Arch Pediatr Adolesc Med. 2011 Jan;165(1):42-8. doi: 10.1001/archpediatrics.2010.266.

ABSTRACT:

OBJECTIVES:To determine whether pediatric primary care-based programs to enhance parenting and early child development reduce media exposure and whether enhanced parenting mediates the effects.

DESIGN:Randomized controlled trial.

SETTING:Urban public hospital pediatric primary care clinic.

PARTICIPANTS: A total of 410 mother-newborn dyads enrolled after childbirth.

INTERVENTIONS: Patients were randomly assigned to 1 of 2 interventions, the Video Interaction Project (VIP) and Building Blocks (BB) interventions, or to control group. The VIP intervention comprised 1-on-1 sessions with a child development specialist who facilitated interactions in play and shared reading through review of videotapes made of the parent and child on primary care visit days; learning materials and parenting pamphlets were also provided. The BB intervention mailed parenting materials, including age-specific newsletters suggesting activities to facilitate interactions, learning materials, and parent-completed developmental questionnaires (Ages and Stages questionnaires).

OUTCOME MEASURES: Electronic media exposure in the home using a 24-hour recall diary.

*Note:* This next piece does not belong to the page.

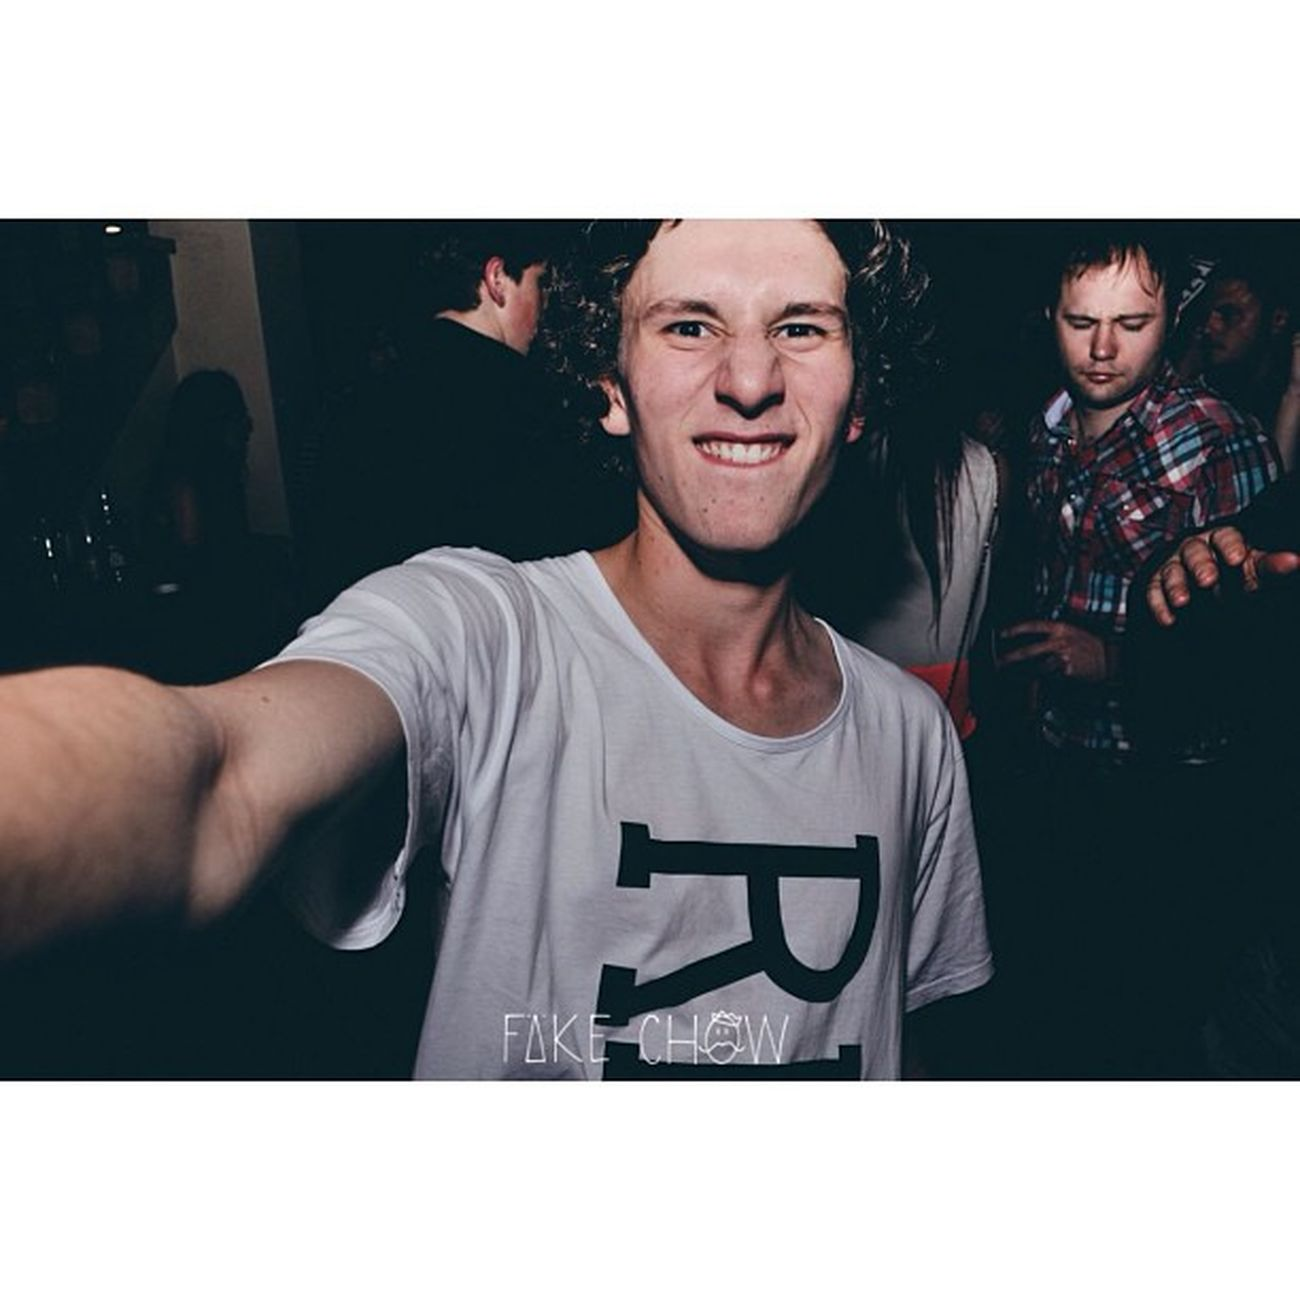 Selfie at chow ??? Fakechow Claptone Ohgod Killingit dprox

RESULTS: The mean (SD) exposure at 6 months was 146.5 (125.0) min/d. Exposure to VIP was associated with reduced total duration of media exposure compared with the BB and control groups (mean [SD] min/d for VIP, 131.6 [118.7]; BB, 151.2 [116.7]; control, 155.4 [138.7]; P = .009). Enhanced parent-child interactions were found to partially mediate relations between VIP and media exposure for families with a ninth grade or higher literacy level (Sobel statistic = 2.49; P = .01).

CONCLUSION: Pediatric primary care may represent an important venue for addressing the public health problem of media exposure in young children at a population level.